Redshift also lets you save your queried results to your S3 data lake using open formats like Apache Parquet from which additional analysis can be done on your data from other Amazon Web Services such as EMR, Athena, and SageMaker.

What is SQL Query Scheduling?

A Scheduler can be described as a piece of software that is used for the coordination and execution of different processes by administering its available resources. The Query Scheduler tool allows you to schedule your SQL queries or statements based on a time interval and the number of executions needed, the subsequent results of the query can also be written to an output file.

The results are formatted as text and the Query Scheduler will keep on running and executing your scheduled queries as long as the process is active and the database connection is valid.

Scheduling is a very rewarding technique to have and is useful when running SQL queries during non-business hours, helps in loading data using COPY statements when required especially at night, you can use UNLOAD to unload data at regular intervals without having to do it by yourself, for deleting older data from tables to keep it clean, refreshing materialized views manually at regular stops, performing backup for tables, etc.

Scheduling SQL Queries on Redshift

Amazon Redshift allows users to use the Amazon Redshift Console and AWS Command Line Interface (AWS CLI) to schedule SQL queries/carry out routine maintenance tasks and perform Redshift Schedule Query. 

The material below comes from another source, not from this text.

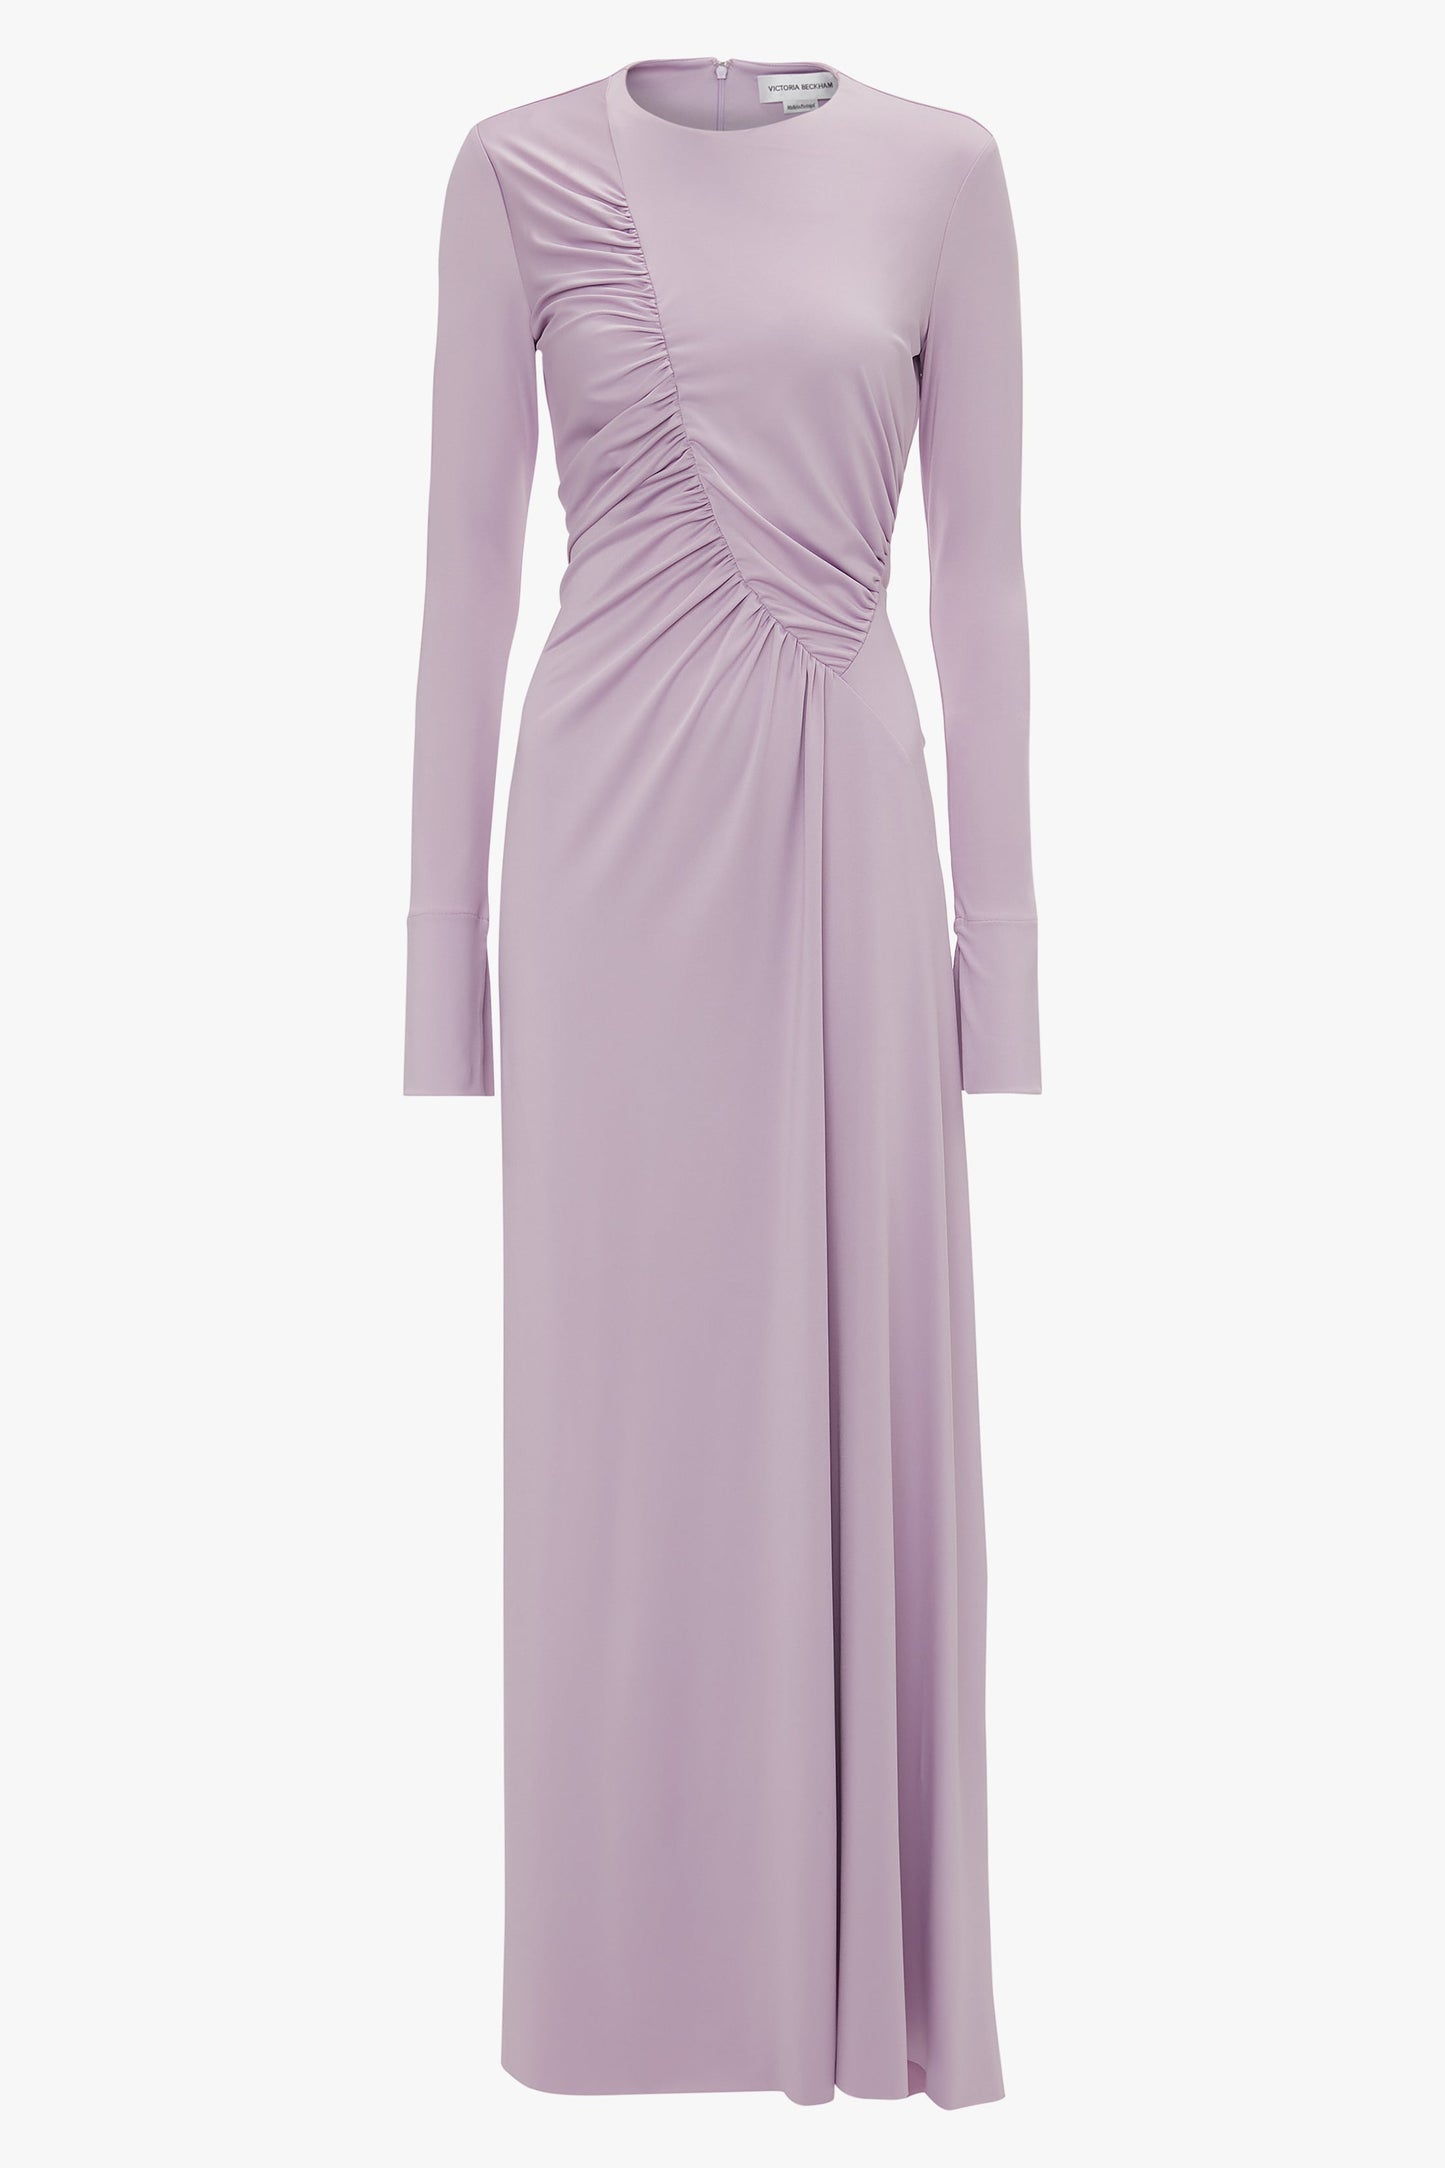 A long-sleeved, lavender Ruched Detail Floor-Length Gown In Petunia by Victoria Beckham crafted from stretch jersey, featuring asymmetrical ruching across the bodice and a slit at the hem for an understated glamour.

The scheduling of SQL statements can be done using Amazon EventBridge and Amazon Redshift Data API and the queried scheduled results will be available for 24 hours after running the SQL statements on Redshift.

In the next section, you will be shown how to schedule SQL queries from the Redshift console and through the AWS CLI but first, Amazon EventBridge is explained as this is what will be needed to schedule and run the SQL statements.

What is Amazon EventBridge?

EventBridge is an Amazon product described as a serverless event bus that makes it easy for you to build event-driven applications at scale using events generated from the connection of your applications to data from different sources. It enables the streaming of real-time data which can be obtained from applications, Software-as-a-Service (SaaS) platforms, AWS services, and routes including Amazon Redshift clusters.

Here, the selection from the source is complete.